April 8, 2009

 

CBOT Soy Outlook on Wednesday: Mixed; overnight theme, pre-report positioning

 

 

Chicago Board of Trade soybean futures are seen starting Wednesday's day session mixed, following the overnight theme with the trade evening positions ahead of Thursday's supply and demand report.

 

CBOT May soybean futures ended the overnight session 2 1/2 cents higher at US$9.92 while November soybeans were 1/4 cent lower at US$9.08 1/4. May soymeal was US$1.30 higher at US$307.50 per short tonne, and May soyoil was 14 points lower at 34.70 cents per pound.

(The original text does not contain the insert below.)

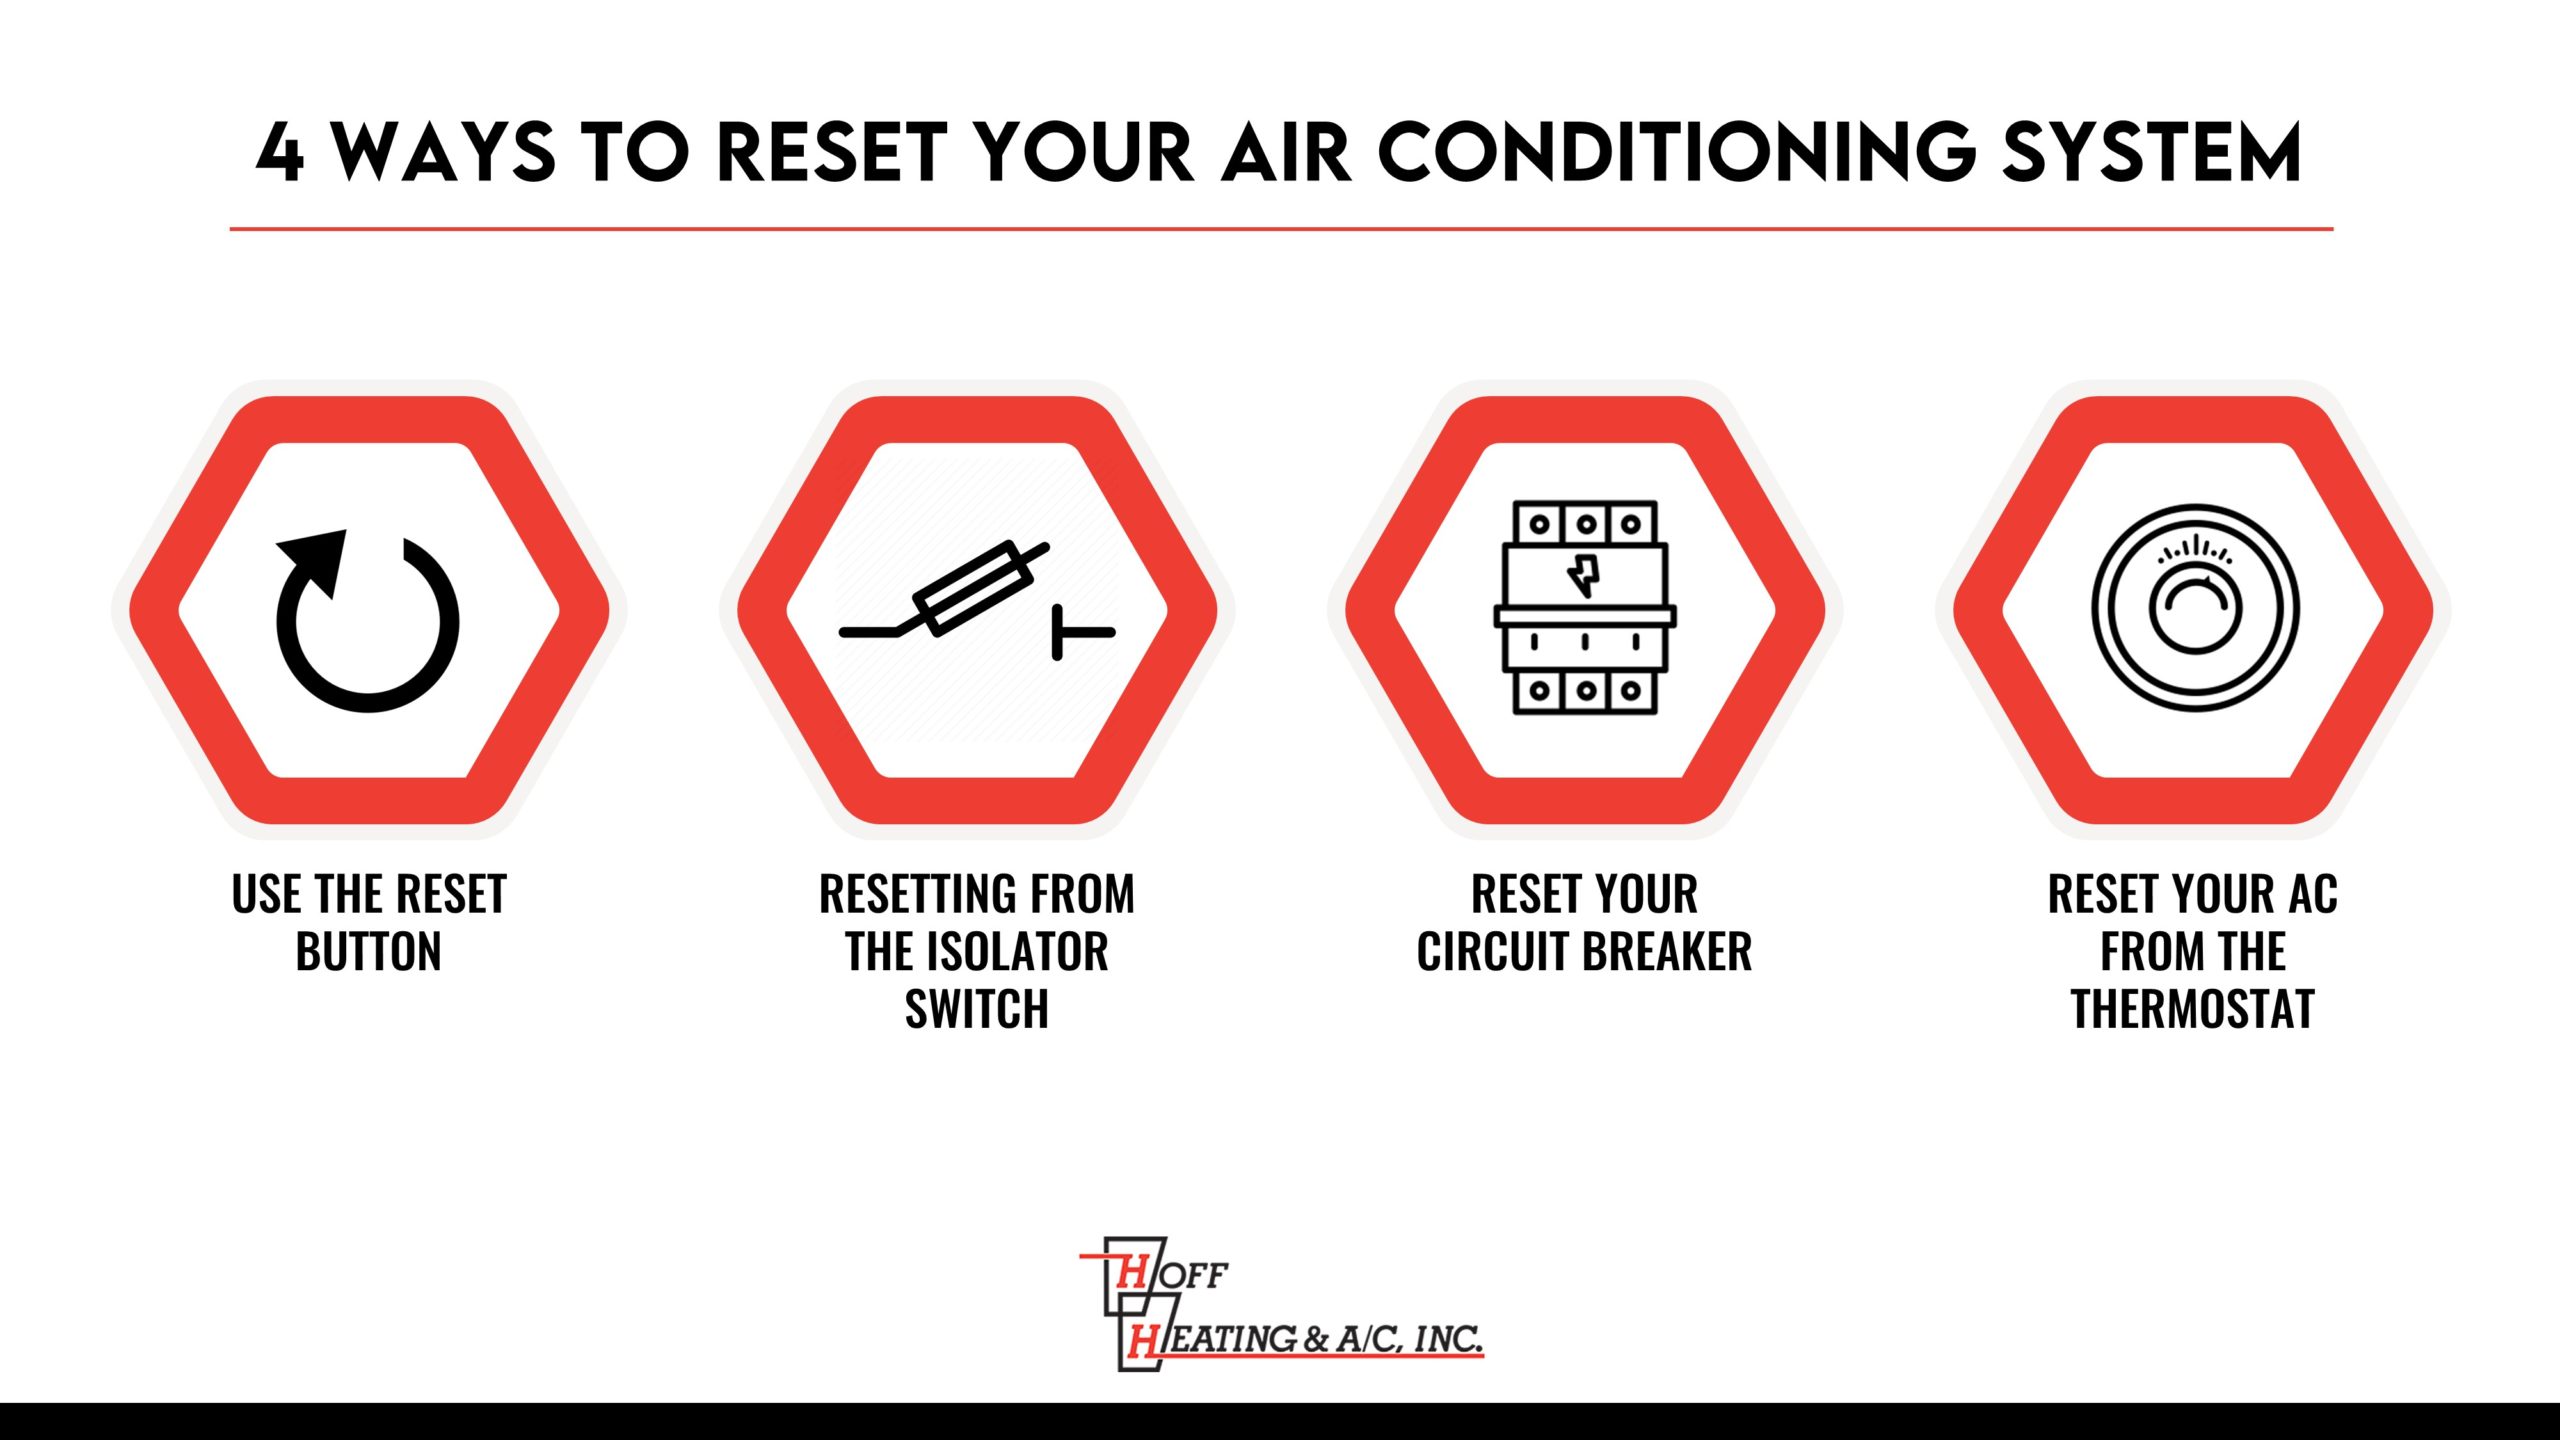 home air conditioner schematic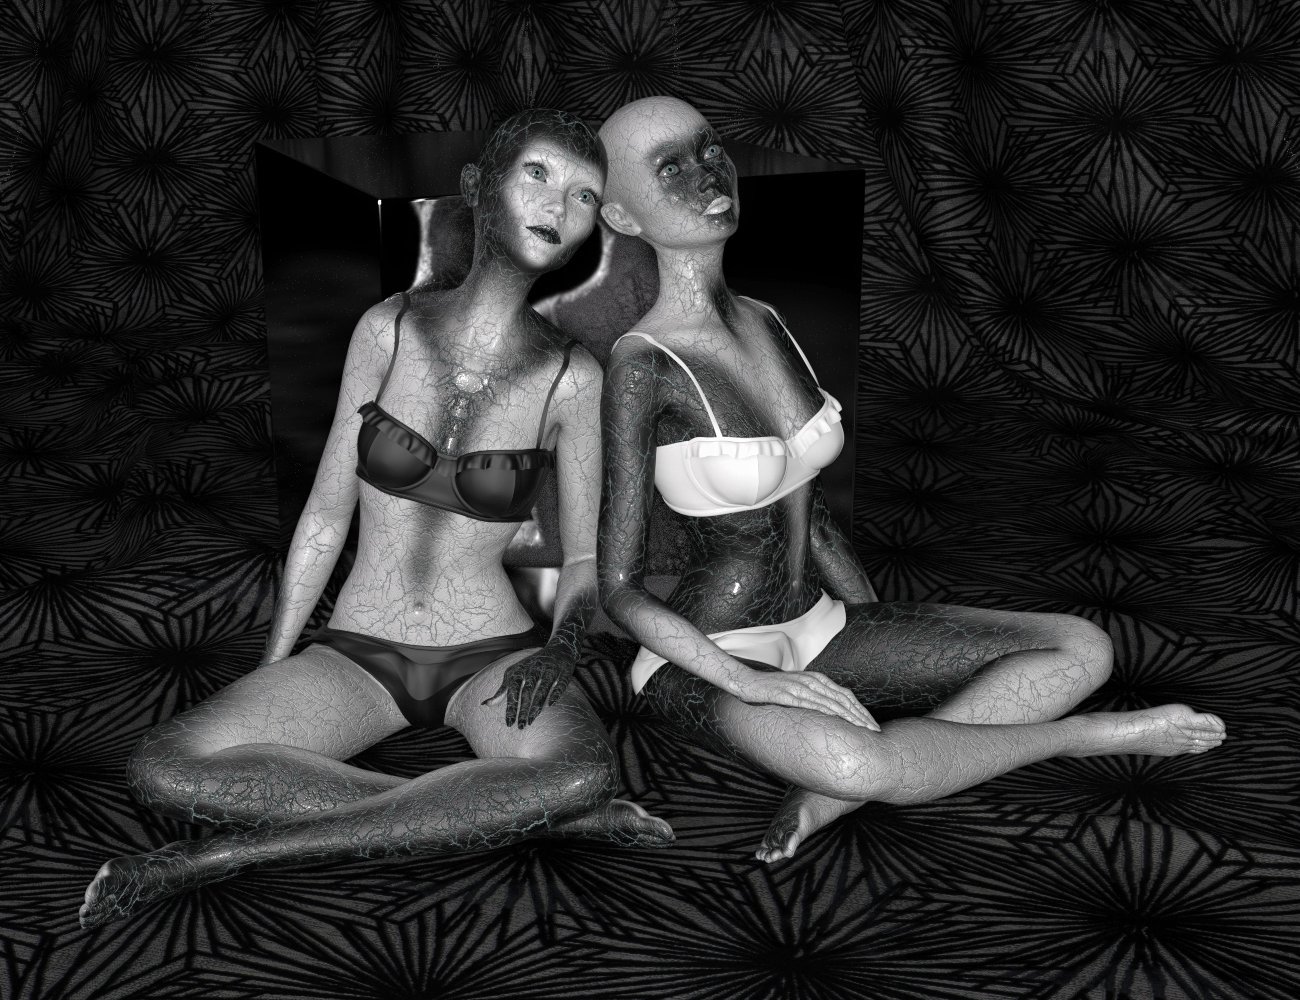 KamilyAnn for Zelara 8 by: 3Diva, 3D Models by Daz 3D

Tight old crop supplies and strong export demand remain underpinning features for nearby old crop contracts, while deferred new crop futures garner pressure from prospects for increased 2009 acreage.

 

A quiet news front is expected to promote pre-supply and demand report positioning, with mixed signals from outside markets not providing directives, a CBOT floor analyst said.

 

Stock index futures are higher, the U.S. dollar index is firmer and crude oil futures are on the defensive in early market action.

 

Meanwhile, lingering weather issues that may promote delays to the Midwest planting season are raising prospects for additional U.S. 2009 soybean acres. This is expected to weigh on back months and potentially widen the differential in the July/November bull spread.

 

A technical analyst said prices are in a five-week-old uptrend on the daily bar chart. The next upside price objective for May soybeans is to push and close prices above solid technical resistance at the January high of US$10.24 a bushel. The next downside price objective is pushing and closing prices below solid technical support at US$9.40 a bushel.

 

The DTN Meteorlogix weather forecast said wet conditions and cold temperatures will likely keep field work slow in the U.S. Midwest during the next week to 10 days.

 

Soymeal futures are seen higher and soyoil lower, in tune with the overnight theme.

 

U.S. Department of Agriculture is scheduled to release its April supply and demand revisions at 8:30 a.m. EDT Thursday.

 

The average of 14 analysts estimates from a Dow Jones Newswires survey projects 2008-09 U.S. soybean ending stocks at 169 million bushels. The averages ranged from 101 million to 185 million bushels. In March, the USDA projected the 2008-09 carryout at 185 million bushels.

 

In demand news, USDA on Wednesday announced private export sales of 110,000 metric tonnes of soybeans for delivery to China in the 2008-09 marketing year.

 

Taiwan Sugar Corp. bought 23,000 metric tonnes of corn from the U.S., and 12,000 tonnes of soybeans from trading house Agrex in a tender concluded late Tuesday, a Taipei trader said Wednesday.

 

In overseas markets, soybean futures traded on the Dalian Commodity Exchange settled lower Wednesday, with government purchases drawing to a close.

 

Crude palm oil futures on Malaysia's derivatives exchange ended slightly lower Wednesday on long liquidation in range bound trade amid a lack of fresh leads apart from weaker soyoil and crude oil, said trade participants.